Protocol Validation: The initial drift towards Python (due to its data processing strengths) was corrected by reviewing the architecture docs, which mandated Zod compliance. This highlights the critical value of the Plan-First Protocol: writing the plan exposed the conflict between "Python for Data" and "Zod for Schema" before a single line of code was written, saving hours of refactoring.
Dependency Management: Encountered incompatibility with aws-sdk-client-mock and zod v4 (alpha). Downgraded to zod v3.22.4 (stable) in both shared library and lambda to resolve.
JIT Vendoring: Successfully implemented vendor:shared task in Taskfile to copy local shared package into lambda build context.
Testing: Implemented comprehensive unit tests covering deduplication, delta calculation, and validation.

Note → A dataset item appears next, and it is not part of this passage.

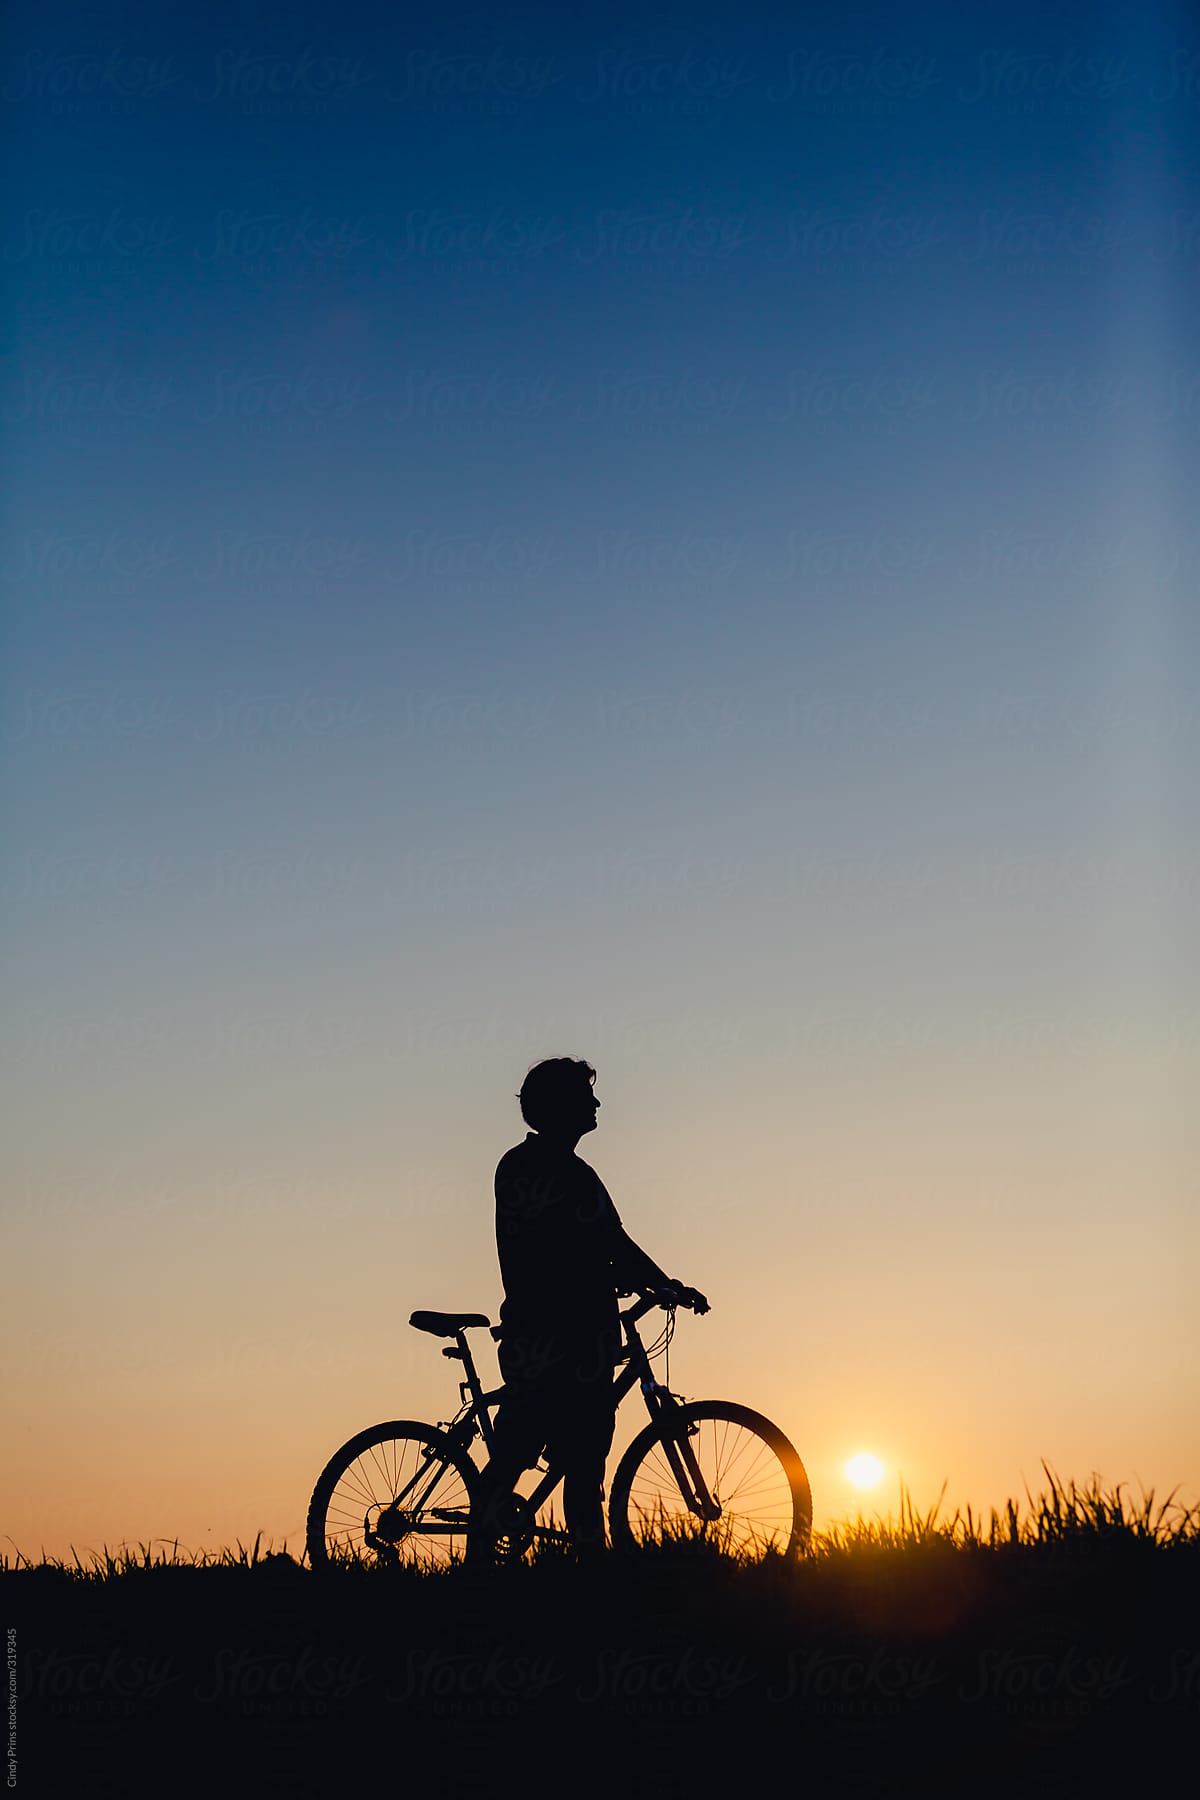 Silhouette of a man on a bike in a field during sunset

Build Config: Excluded @aws-sdk/* from esbuild bundling in template.yaml as these are provided by the Node.js 20.x Lambda runtime.

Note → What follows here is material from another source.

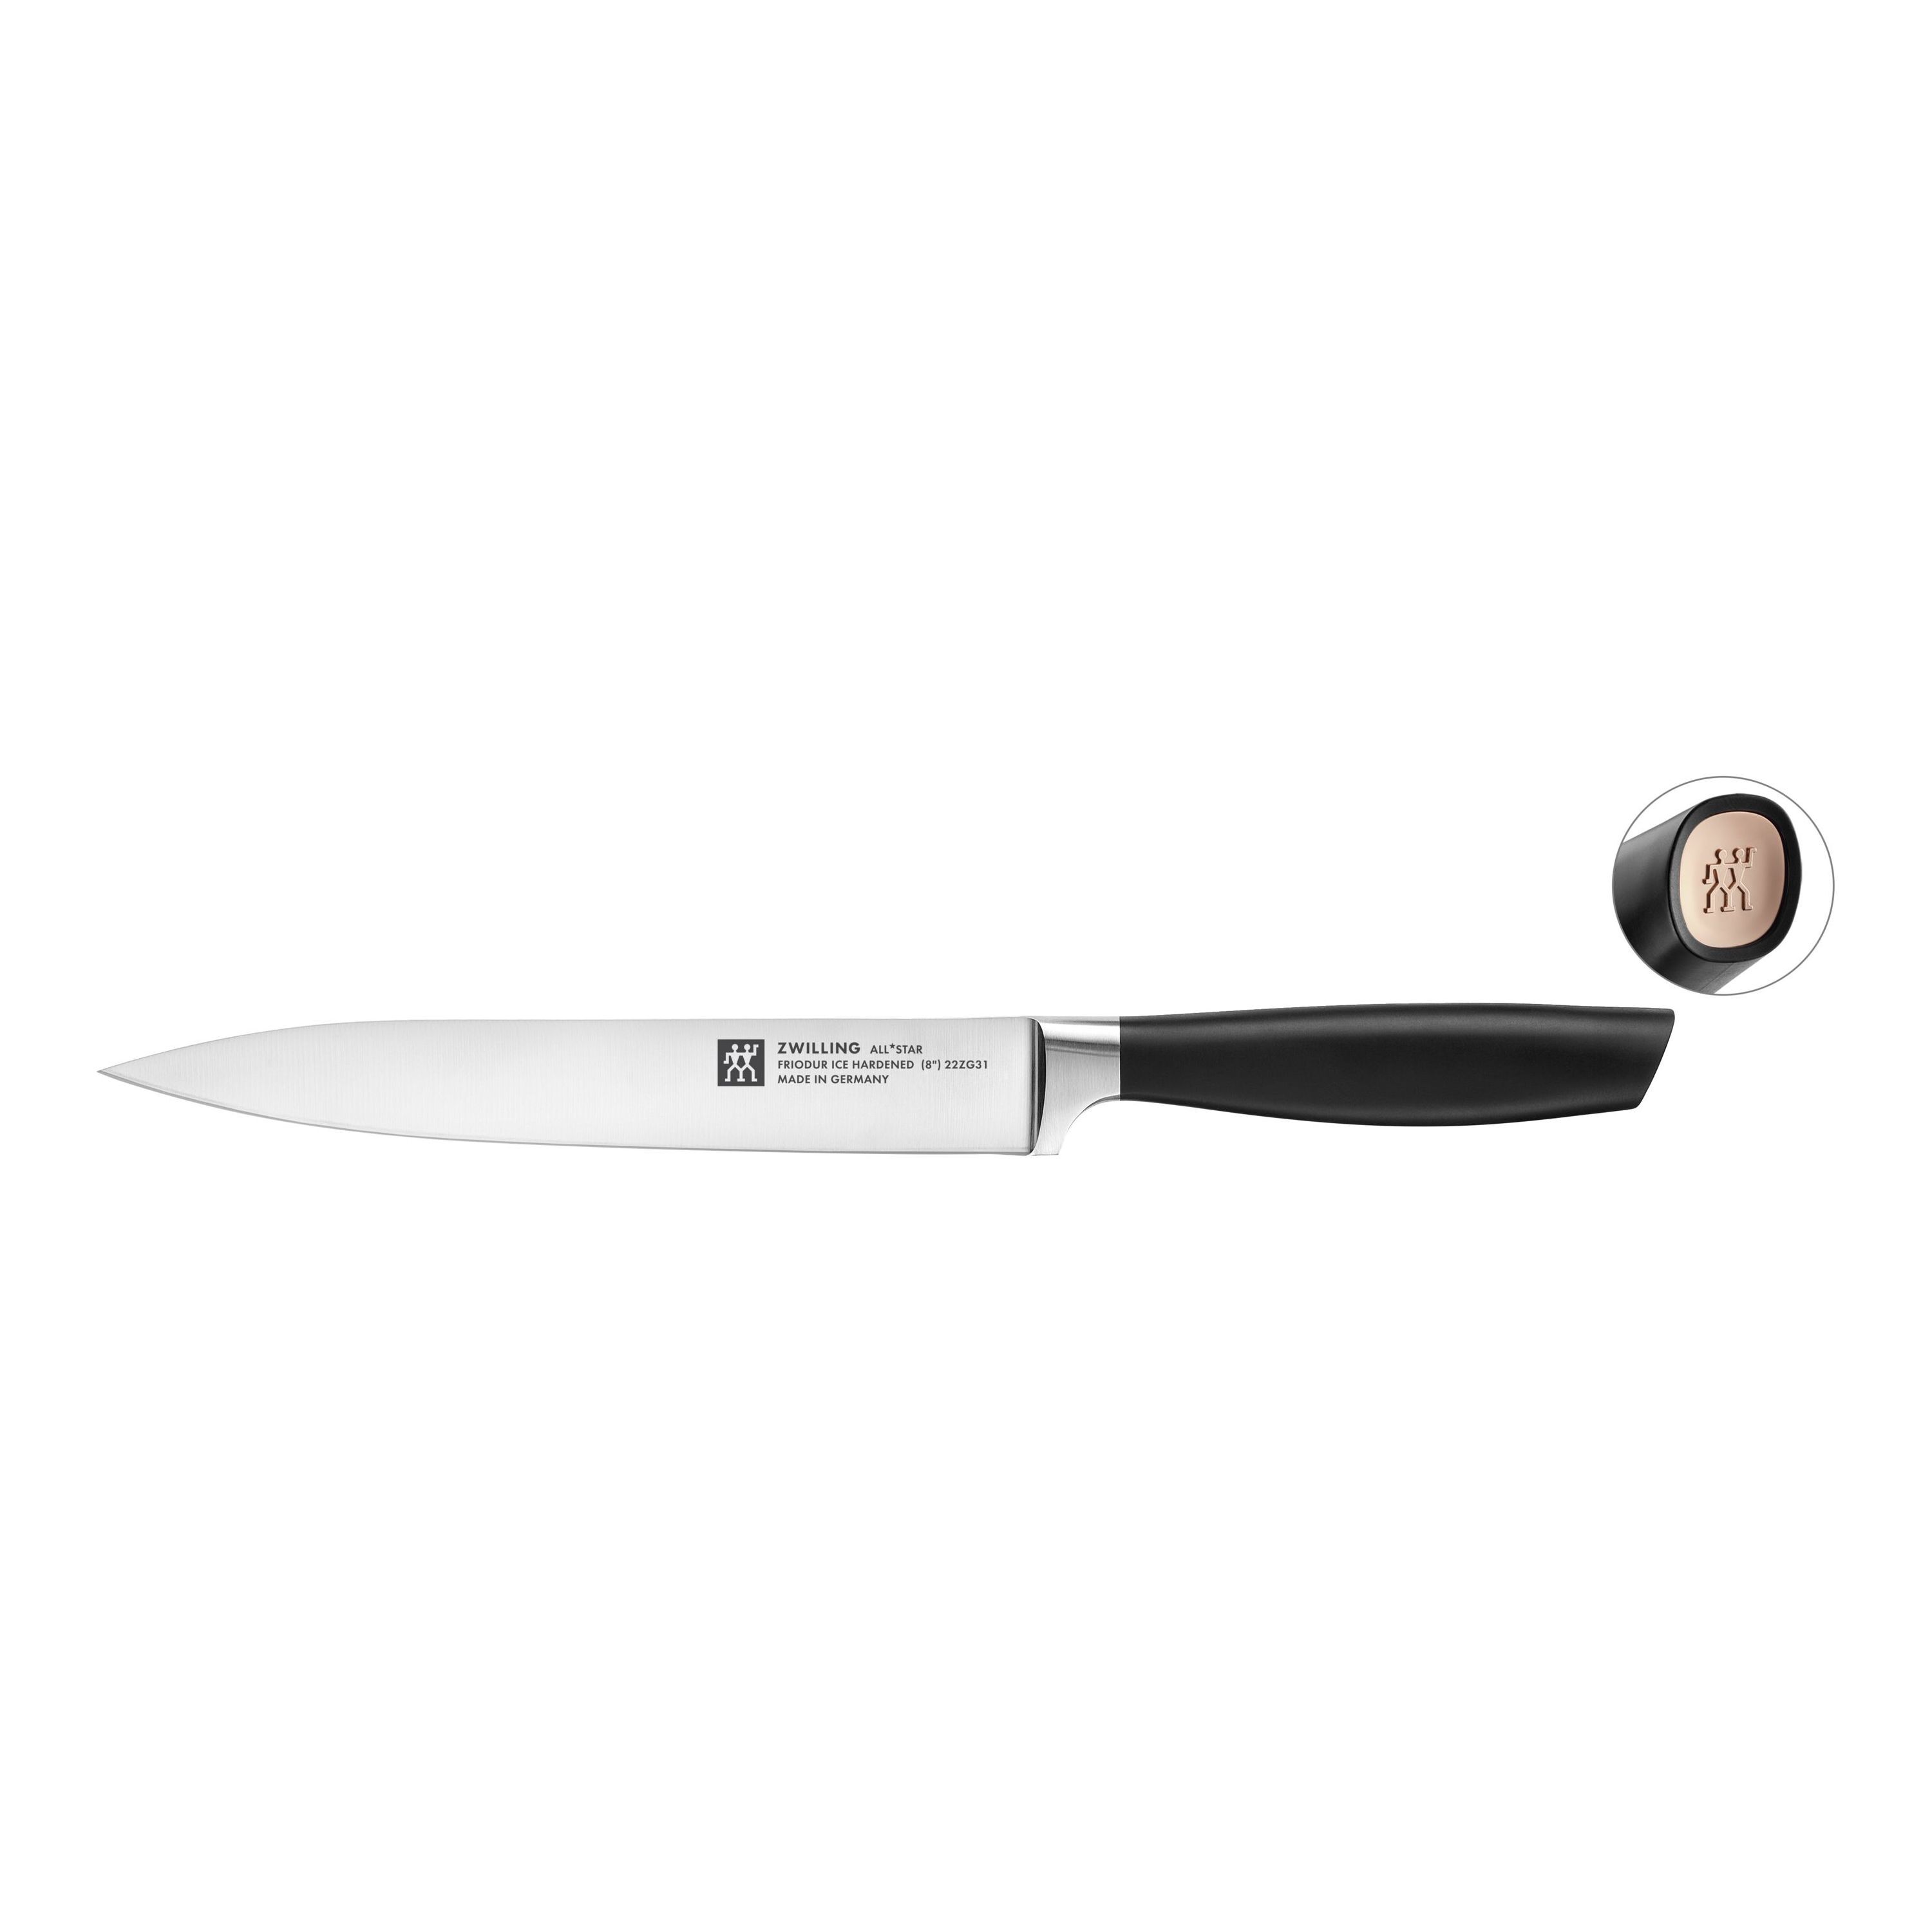 ZWILLING All * Star Couteau à trancher 20 cm, or rose

Shared Infrastructure Constraint: It was noted during verification that minimal-calorie-tracker-test points to the Production DynamoDB table (MinimalCalorieMeals). This means we cannot simply "wipe" the database for tests.
- Future Testing Design: Validation of importGuestHistory against "Prod" must use a dedicated Synthetic Test User (specific sub ID) or ephemeral users created during the test run. We must ensure we never accidentally target a real user's sub during automated integration tests.

Walkthrough: AppSync + Lambda Integration

This is how we connected the GraphQL API to the Lambda function in template.yaml:

Define the Lambda: We created a AWS::Serverless::Function resource (ImportGuestHistoryFunction) pointing to our code. We explicitly passed the TABLE_NAME as an environment variable so the Lambda knows where to write.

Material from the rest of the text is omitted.